Jonathan Katz: Round-Optimal Fully Secure Distributed Key Generation
Join us for Jonathan Katz’s lecture, where he will discuss security challenges in distributed key generation and protocols balancing efficiency and security.
We warmly invite you to Jonathan Katz’s public lecture on March 4, 2025, where he will discuss security challenges in distributed key generation, its round complexity, and protocols balancing efficiency and security.
- When? Tuesday, March 4, 9:30 - 11:00 am
- Where? FAV Hörsaal 1 Helmut Veith, Favoritenstraße 9-11, 1040 Vienna
Abstract
Protocols for distributed (threshold) key generation (DKG) in the discrete-logarithm setting have received a tremendous amount of attention in the past few years. Several synchronous DKG protocols have been proposed, but most such protocols are not fully secure: they either allow corrupted parties to bias the key, or are not robust and allow malicious parties to prevent successful generation of a key.

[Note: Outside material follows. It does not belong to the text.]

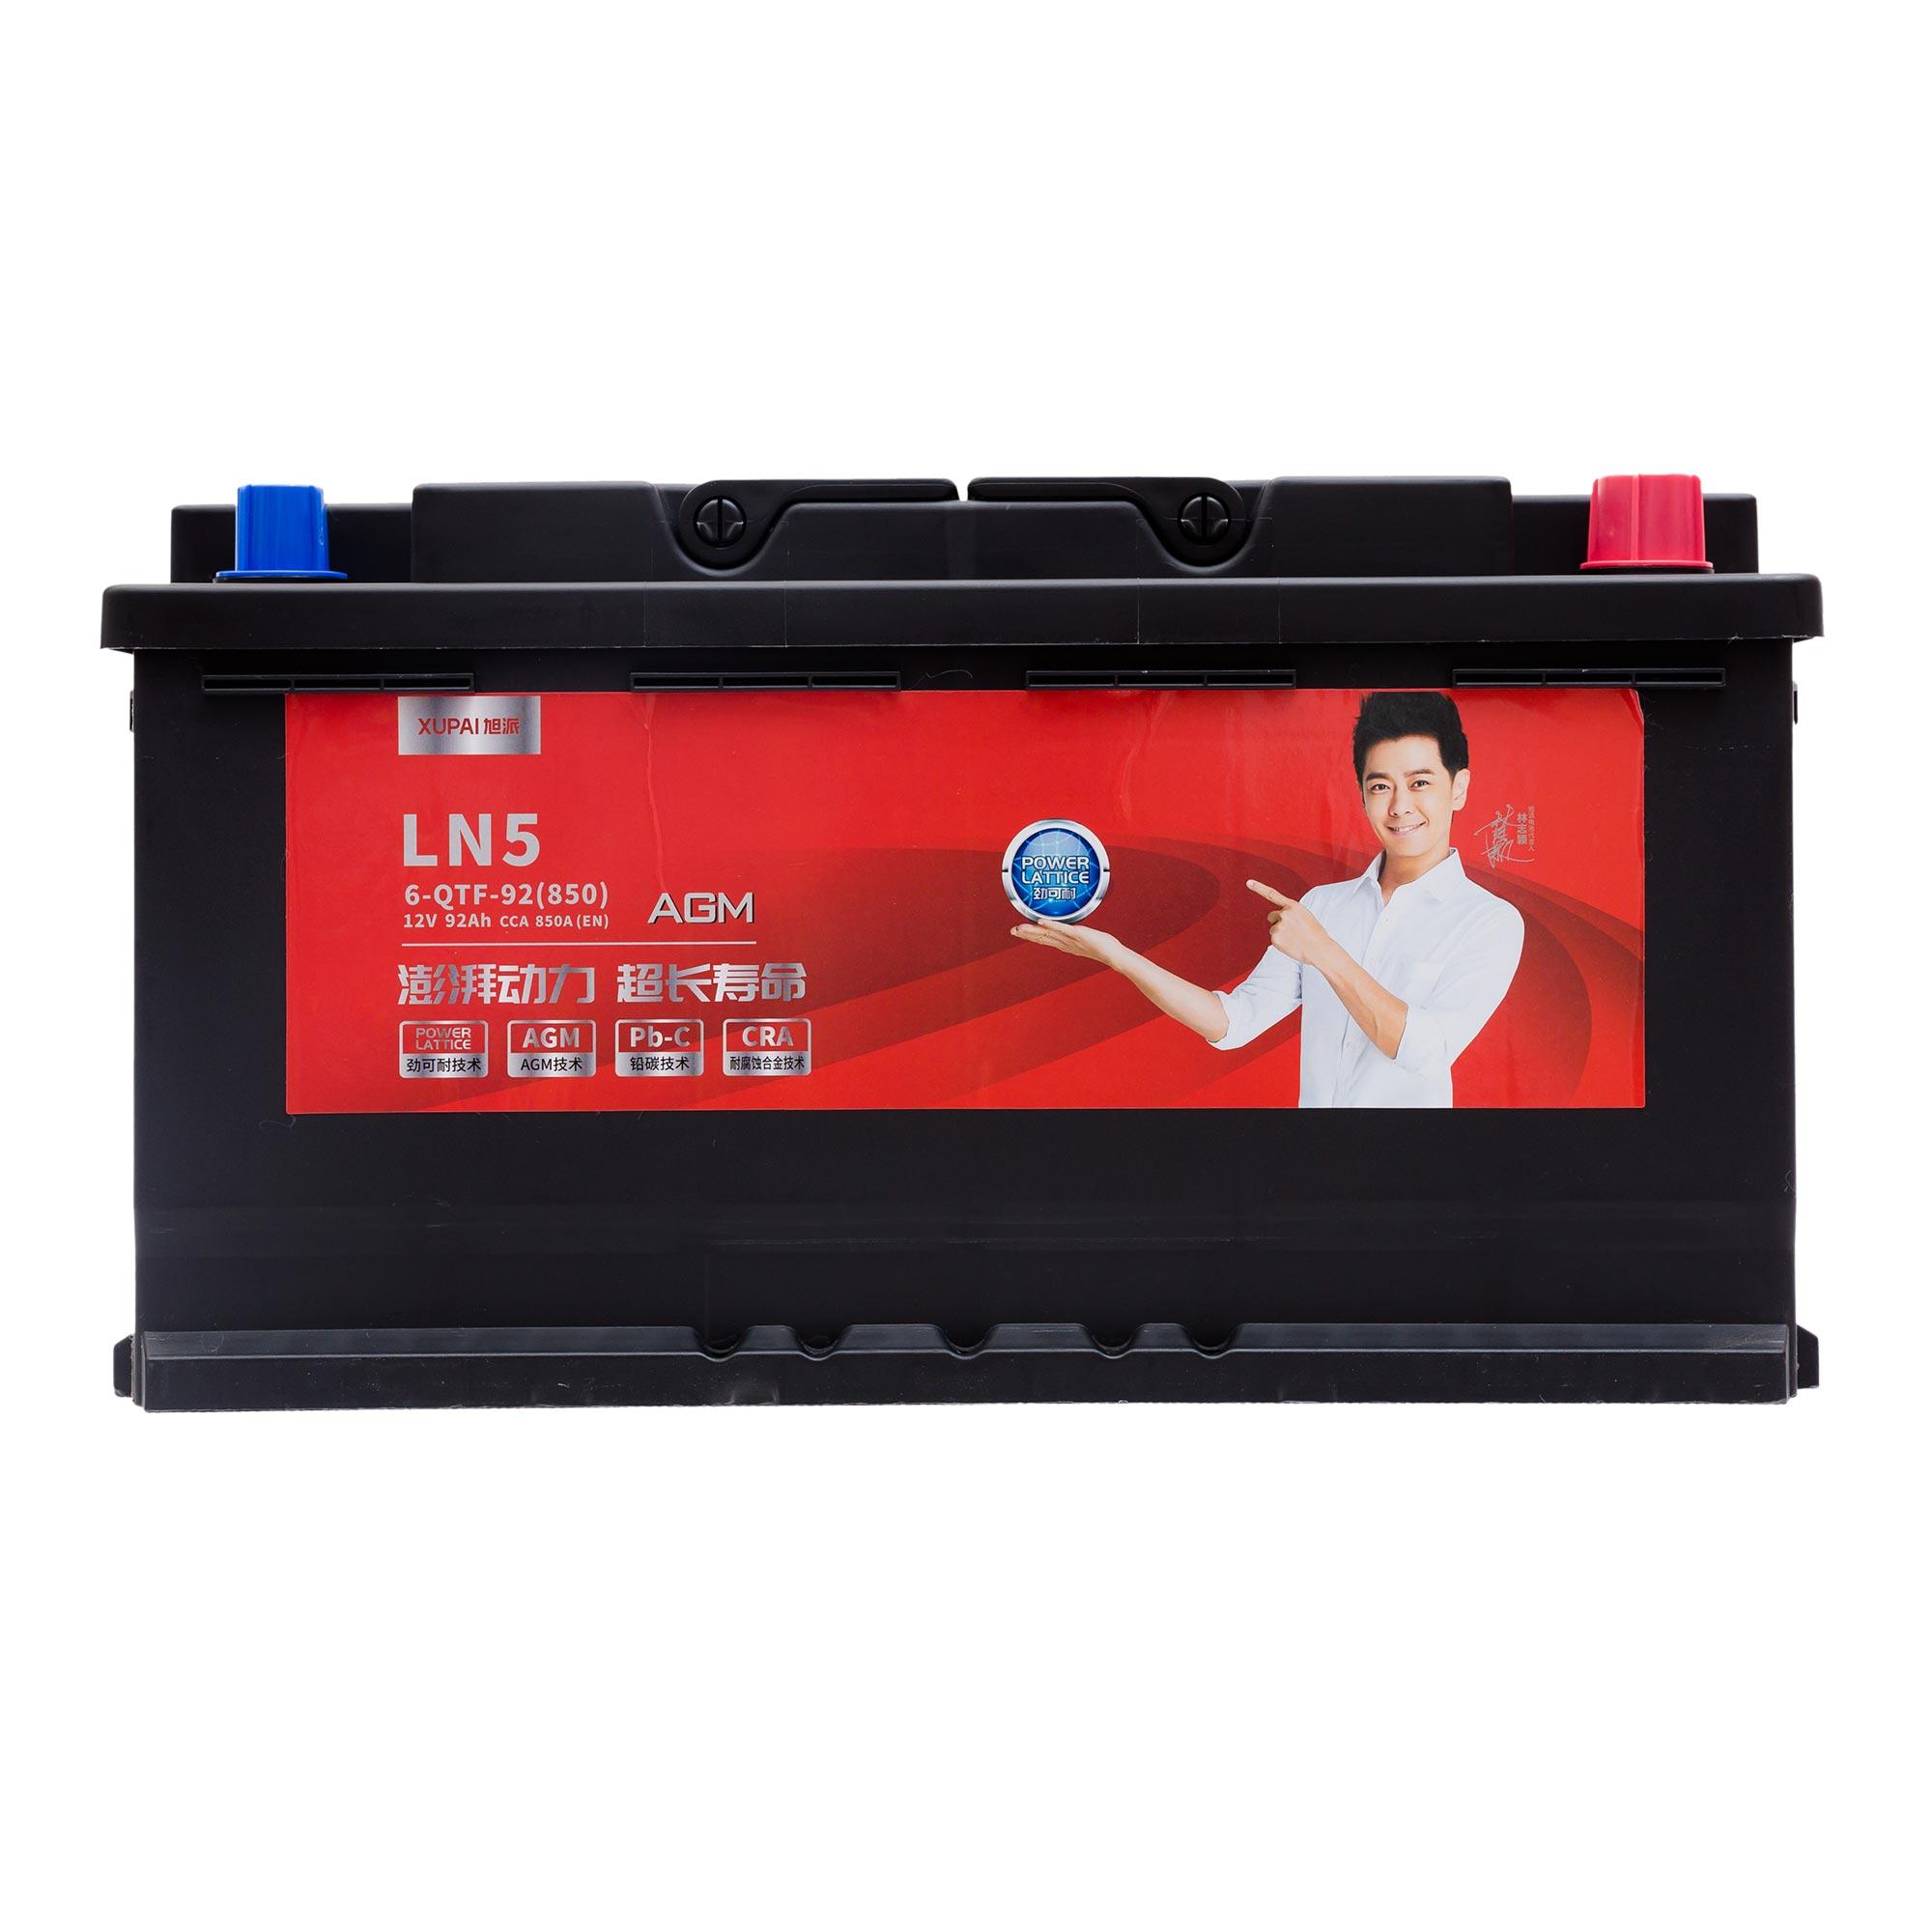 旭派6-QTF-92-LN5长寿命汽车启停电池
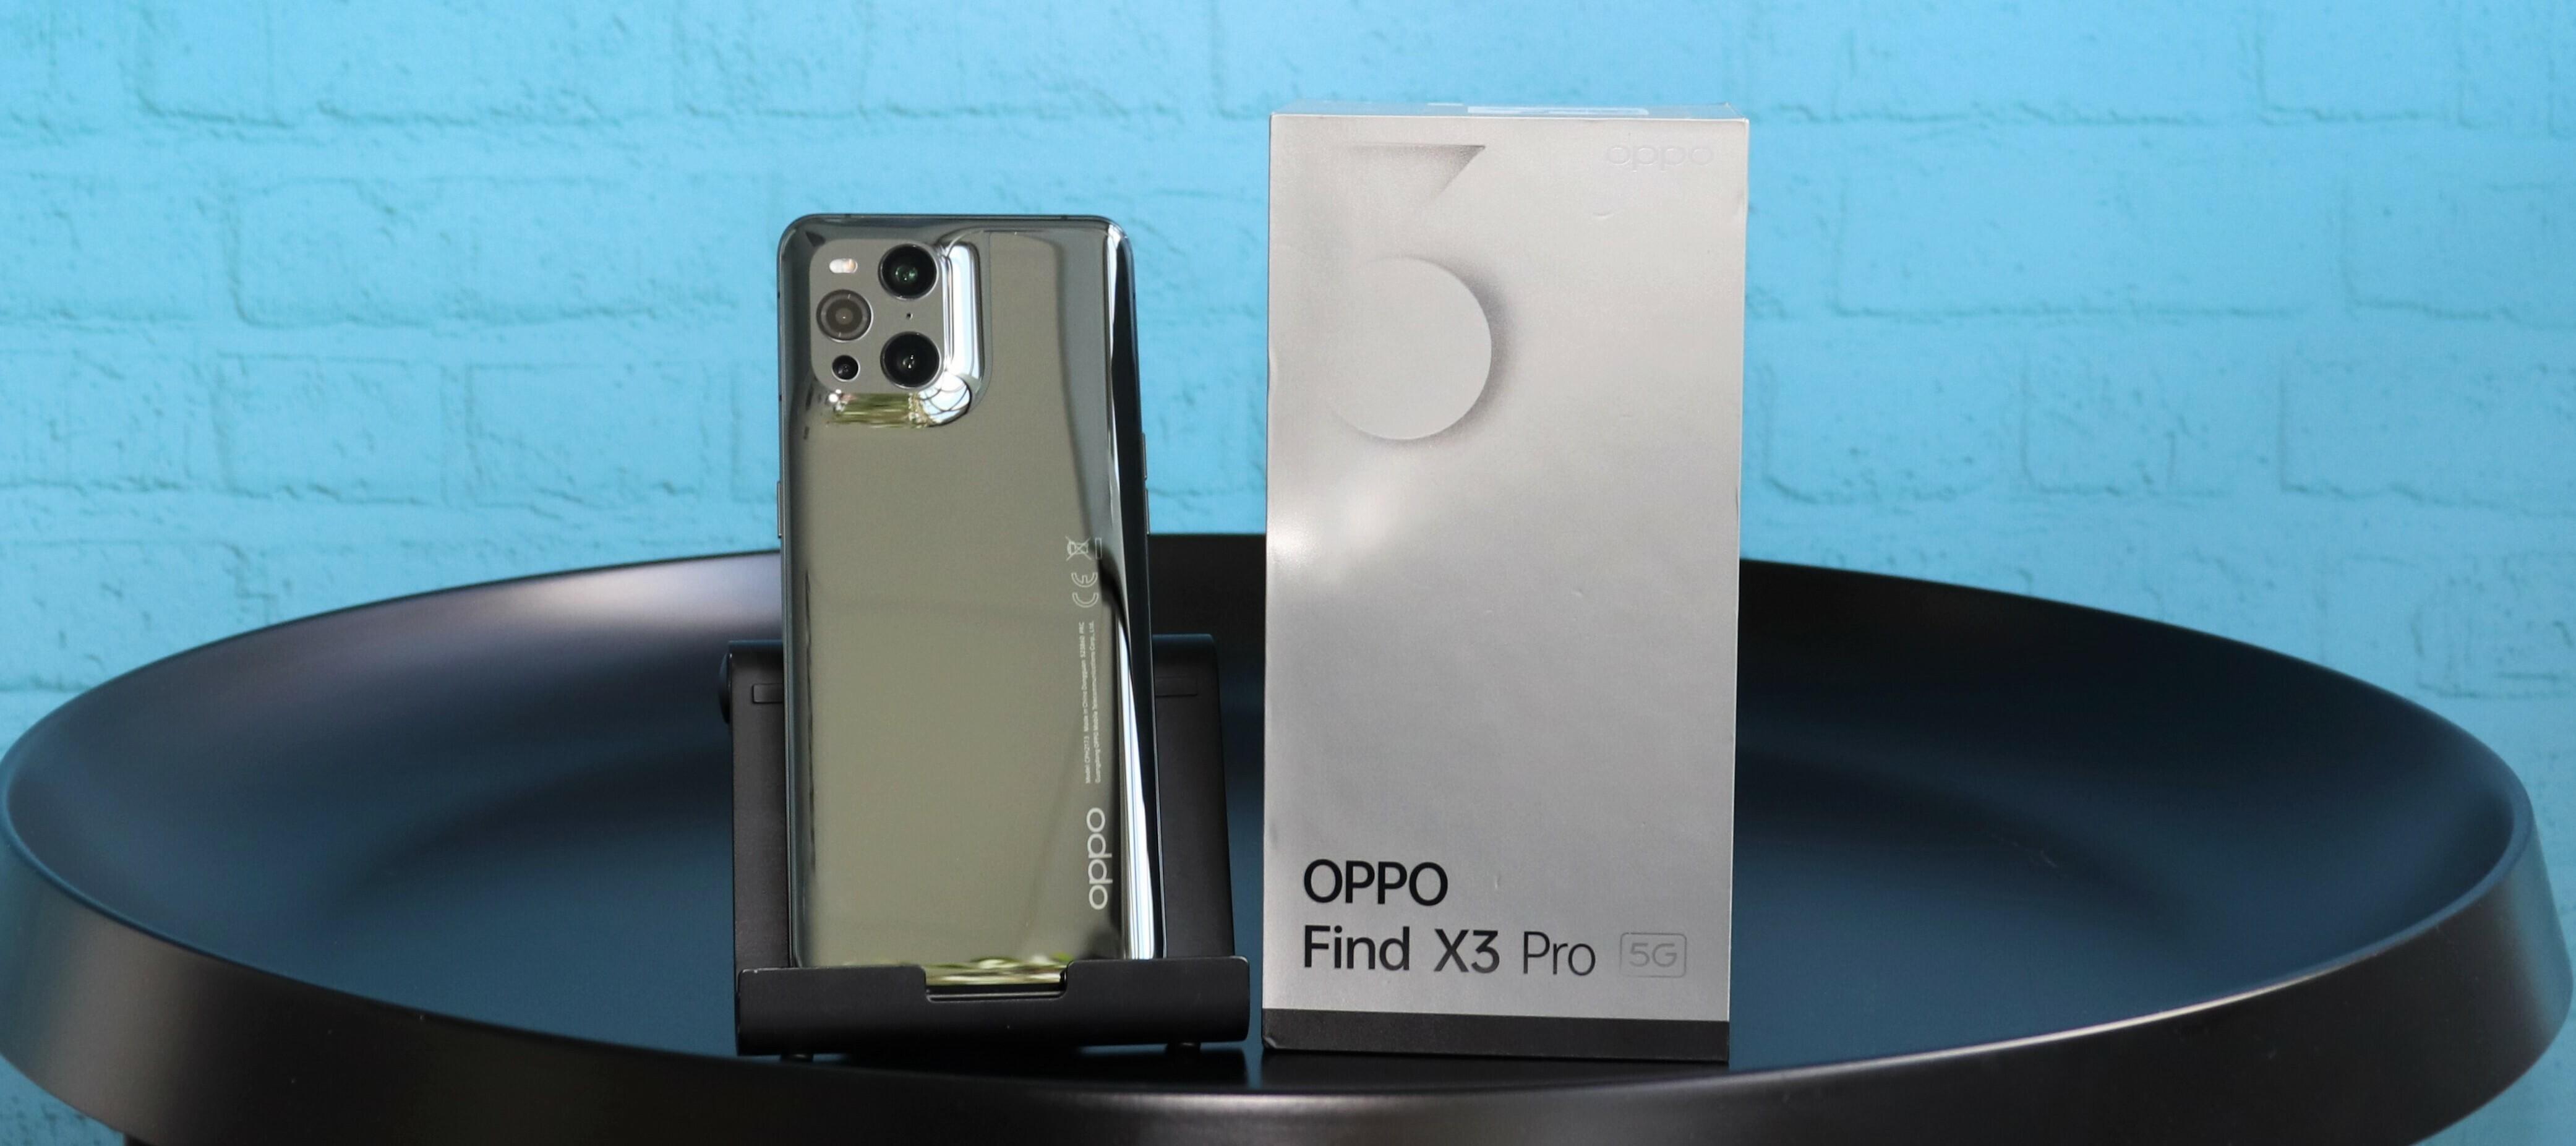 Oppo Find X3 Pro 5G Testgerät - tauche ein in neue Sphären und teste die Luxus-Klasse!

We explore the round complexity of fully secure DKG in the honest-majority setting where it is feasible. We show the impossibility of one-round, unbiased DKG protocols (even satisfying weaker notions of security), regardless of any prior setup. On the positive side, we show various round-optimal protocols for fully secure DKG offering tradeoffs in terms of their efficiency, necessary setup, and required assumptions.
About Jonathan Katz
Jonathan Katz recently joined Google as a Senior Staff Research Scientist, after more than 20 years as a professor at the University of Maryland where he also served as director of the Maryland Cybersecurity Center. He is a co-author of the widely used textbook “Introduction to Modern Cryptography” (now in its third edition) and also offers a free online course on cryptography through Coursera. Katz has received an Alexander von Humboldt Research Award, a UMD Distinguished Scholar-Teacher Award, and an ACM SIGSAC Outstanding Contribution Award. He is a fellow of the IACR and the ACM.